2. CONTEXTO LITERÁRIO

O Fédon, como se sabe atualmente, foi escrito pouco depois da primeira viagem de
Platão a Sicília e próximo a criação da Academia (cf. SCHIAPPA, p. 10). A obra apresenta o
diálogo de Fédon - um pitagórico e companheiro de Sócrates - e Equécrates - amigo e
simpatizante dos pitagóricos – narrando os últimos momentos de Sócrates, sendo que a obra é
um diálogo narrando um outro diálogo.
O local do diálogo é Fliunte, pequena cidade do Peloponeso que teria sido um antigo
centro ativo de pitagorismo, criado pelo próprio Pitágoras (cf. SCHIAPPA, p. 10). Isso explica
o fato que os temas, argumentos e questões levantadas no diálogo estão muitos ligadas ao
pitagorismo.
Na obra, Sócrates havia sido condenado, e deveria receber a pena imediatamente.
Porém, nos dias em que Sócrates foi preso, estava sendo comemorada a Festa de Delos, que
relembrava a aventura de Teseu. Todo ano, na mesma época, as pessoas enviavam um barco
com oferenda a Delos, cumprindo uma promessa a Apolo. Portanto, até a volta do barco eram
proibidas execuções, o que deu a Sócrates mais duas semanas de vida (cf. MONDIN, 1980, p.
290)4.
No dia no qual o barco retorna de Delos, Sócrates recebe a visita de sua mulher Xantipa
(cf. Fédon, 60) e de seus amigos, que conversam com ele uma última vez. Ressalta-se ainda a
ausência de Platão –que estava doente- a presença de Símias, Cebes e do próprio Fédon.
O diálogo é marcado pelos últimos momentos de vida do mestre, e por isso o tema se
volta a morte. Além da defesa da imortalidade, da forte referência pitagórica, como por
exemplo, as objeções de Cebes e Símias, tem-se ainda uma visão mitológica do mundo, como
a narração dos quatro oceanos, e por fim, as despedidas e últimas providências de Sócrates,
aquele que foi “o melhor homem que entre todos conhecemos, o mais sábio e o mais integro”
(Fédon, 118 a).
A obra pode ser dividida em duas partes quanto aos capítulos, com perfeita simetria,
cortadas por um pequeno intervalo. A primeira trata da alma e sua imortalidade e os argumento
oferecidos por Sócrates para explicar a sua teoria. Tem-se um intervalo, na qual Sócrates faz
uma analogia de suas palavras com o canto do cisne (cf. Fédon, 85 a). Na segunda parte, vem
as objeções de Símias e Cebes, a contraproposta de Sócrates, o mito e a morte de Sócrates.

4
Mondin, Battista.
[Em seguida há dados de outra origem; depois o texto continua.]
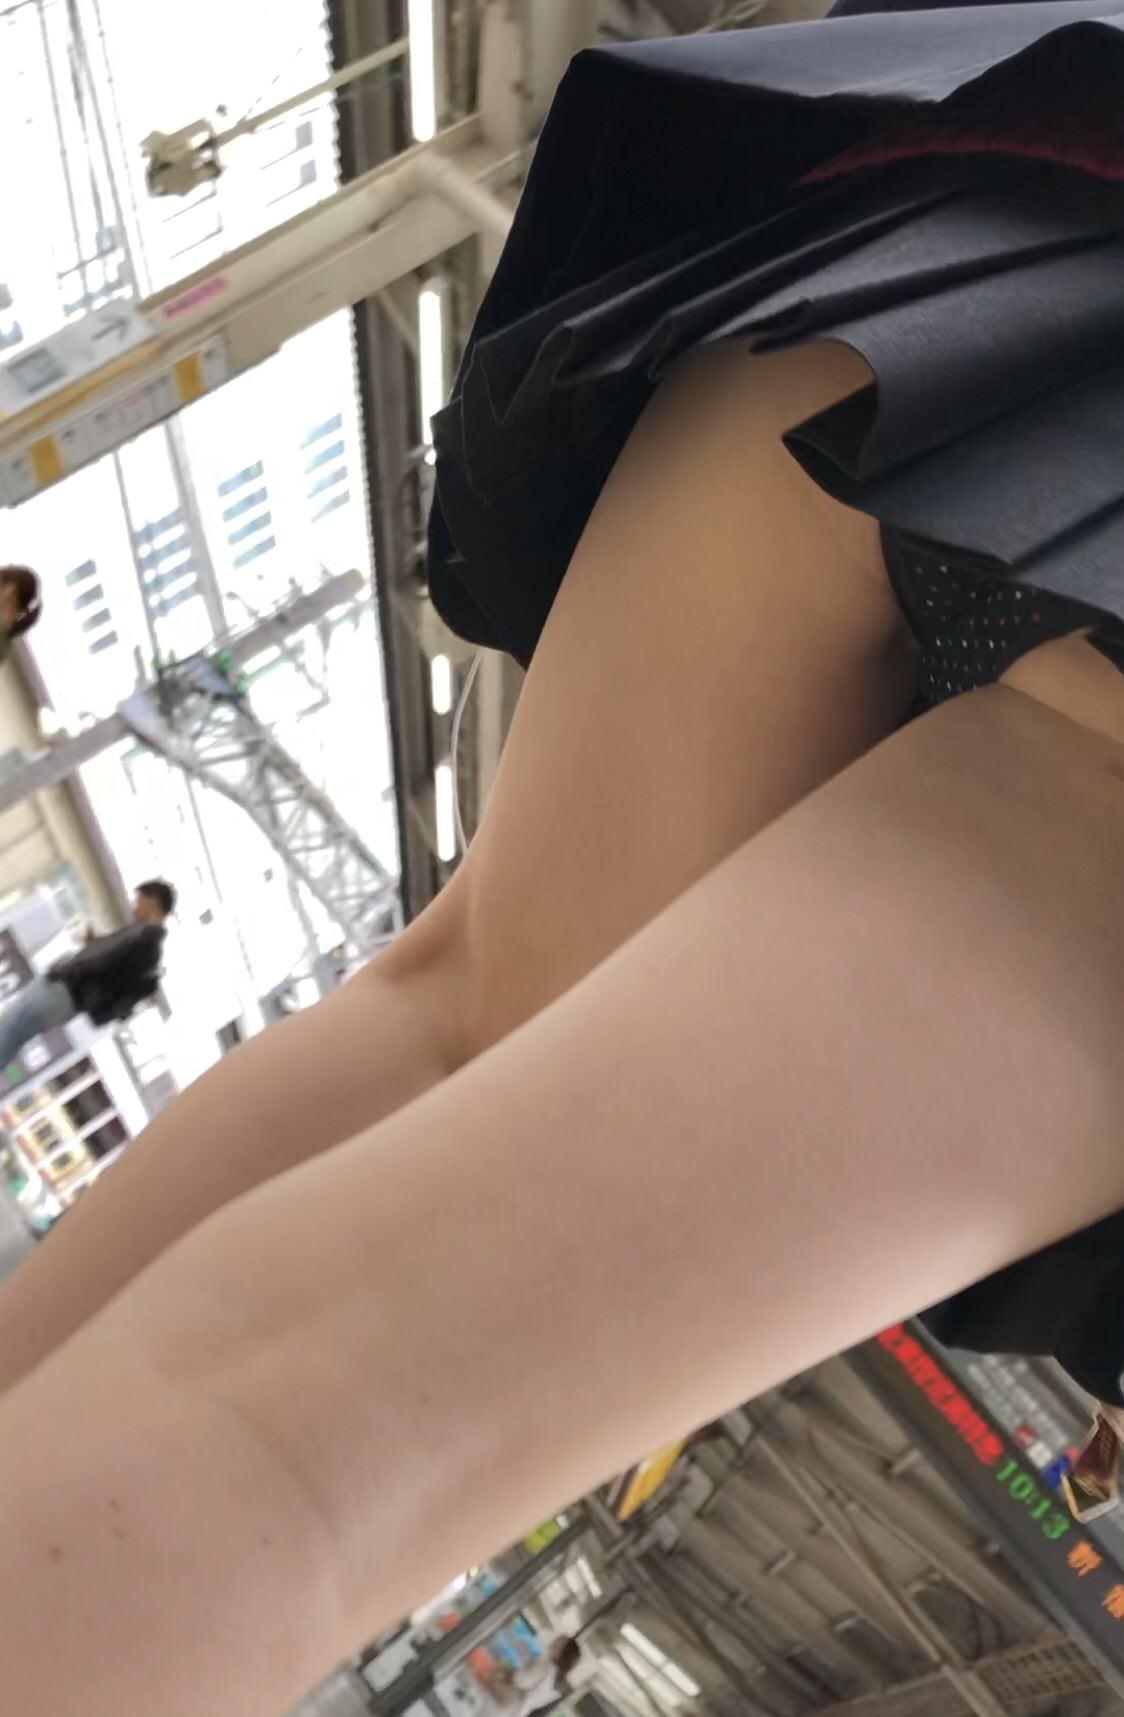 女子高生の太ももラブ♡♡♡♡♡♡♡♡♡♡♡♡♡♡♡♡♡♡♡♡ EgO4Jm1
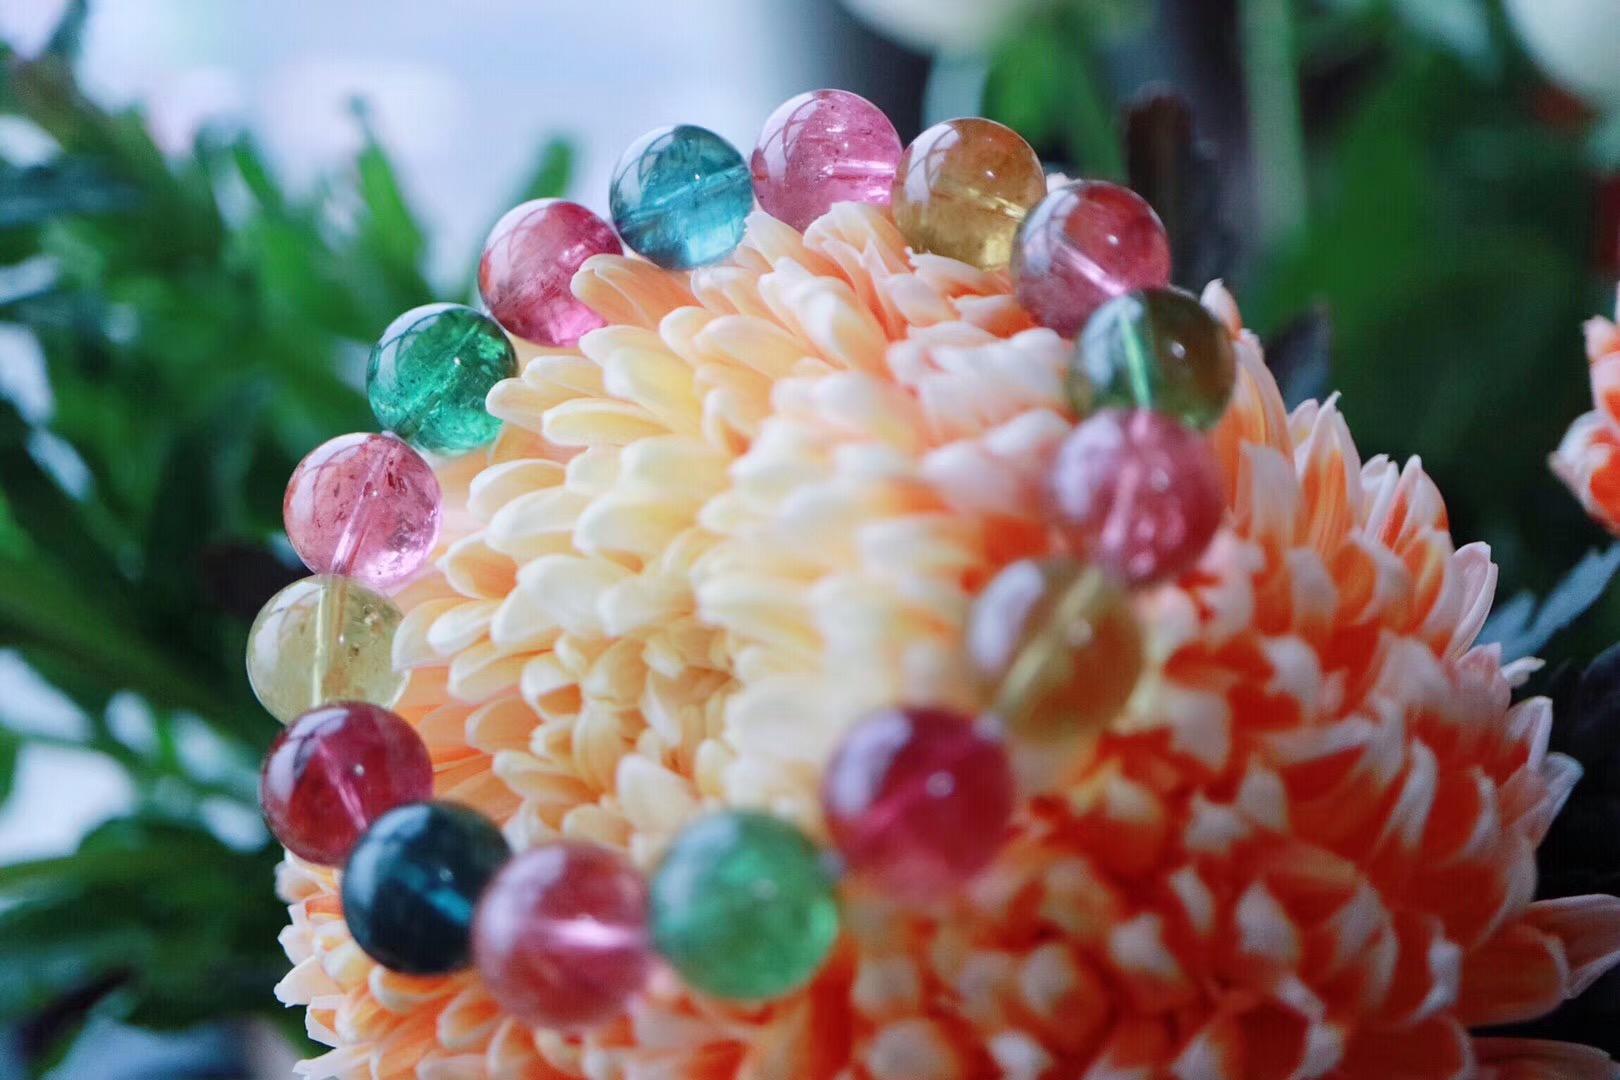 【菩心   碧玺】碧玺的气质,在彩色宝石中尤为惊艳-菩心晶舍

Introdução a filosofia: problemas, sistemas, autores, obras. São Paulo: Paulus,1980.
6

Quanto a divisão temática da obra se dá em três fazes. A primeira narra as anotações


biográficas da última conversa de Sócrates e seus amigos. A segunda se encarrega de tratar
especificamente da imortalidade da alma, suas provas, objeções e contraproposta. Por fim, a
terça fase temática trata de uma visão mitológica e uma das “mais belas criações dramáticas,
comparável, se não superior mesmo, a O Banquete” (SCHIAPPA, p. 14).
Quanto aos temas abordados, encontra-se a discussão dos temas pitagóricos da alma-
harmonia5, katharsis6, reminiscência7 e metempsicose8 (cf. SCHIAPPA, p. 12). E desses,
somente a alma-harmonia e a fraqueza na definição de alma dos pitagóricos são refutadas por
Platão.
Assim, tem-se uma visão ampla e dinâmica da vida de Platão, e em especial a construção
literária, fatores externos e a própria divisão temática e intrínseca do Fédon. Tem-se em conta
a grande importância dessa obra no desenvolvimento do pensamento platônico, seu valor
histórico-literário e a influência da obra em diversos pensadores posteriores (cf. SCHIAPPA,
p. 27).

5
Vide em 3.2
6
“Libertação da alma em relação ao corpo, no sentido de que a alma se separa ou se retira das atividades físicas e
realiza” (ABBAGAGNO, Dicionário de Filosofia. 5.ed. São Paulo: 2007, p. 120).
7
Vide em 3.1.2
8
Vide em 3.1.2
7

3. A IMORTALIDADE DA ALMA

O discurso se inicia com base nas dúvidas de Símias e Cebes, que discutem o futuro
próximo de Sócrates. Eles discutem o suicídio, a pertença aos deuses, adentrando ao tema da
imortalidade da alma.
Cebes, respondendo a uma indagação de Sócrates, vai ao cerne da questão, a
imortalidade da alma. Nesse cenário, Platão, por meio de Sócrates, dá três argumentos da
imortalidade. Símias e Cebes oferecem duas oposições. Por fim, Sócrates oferta uma
contraproposta. A grande questão presente no Fédon é a de dar provas da imortalidade da alma.
No total, são cinco provas oferecidas por Sócrates sobre a imortalidade da alma.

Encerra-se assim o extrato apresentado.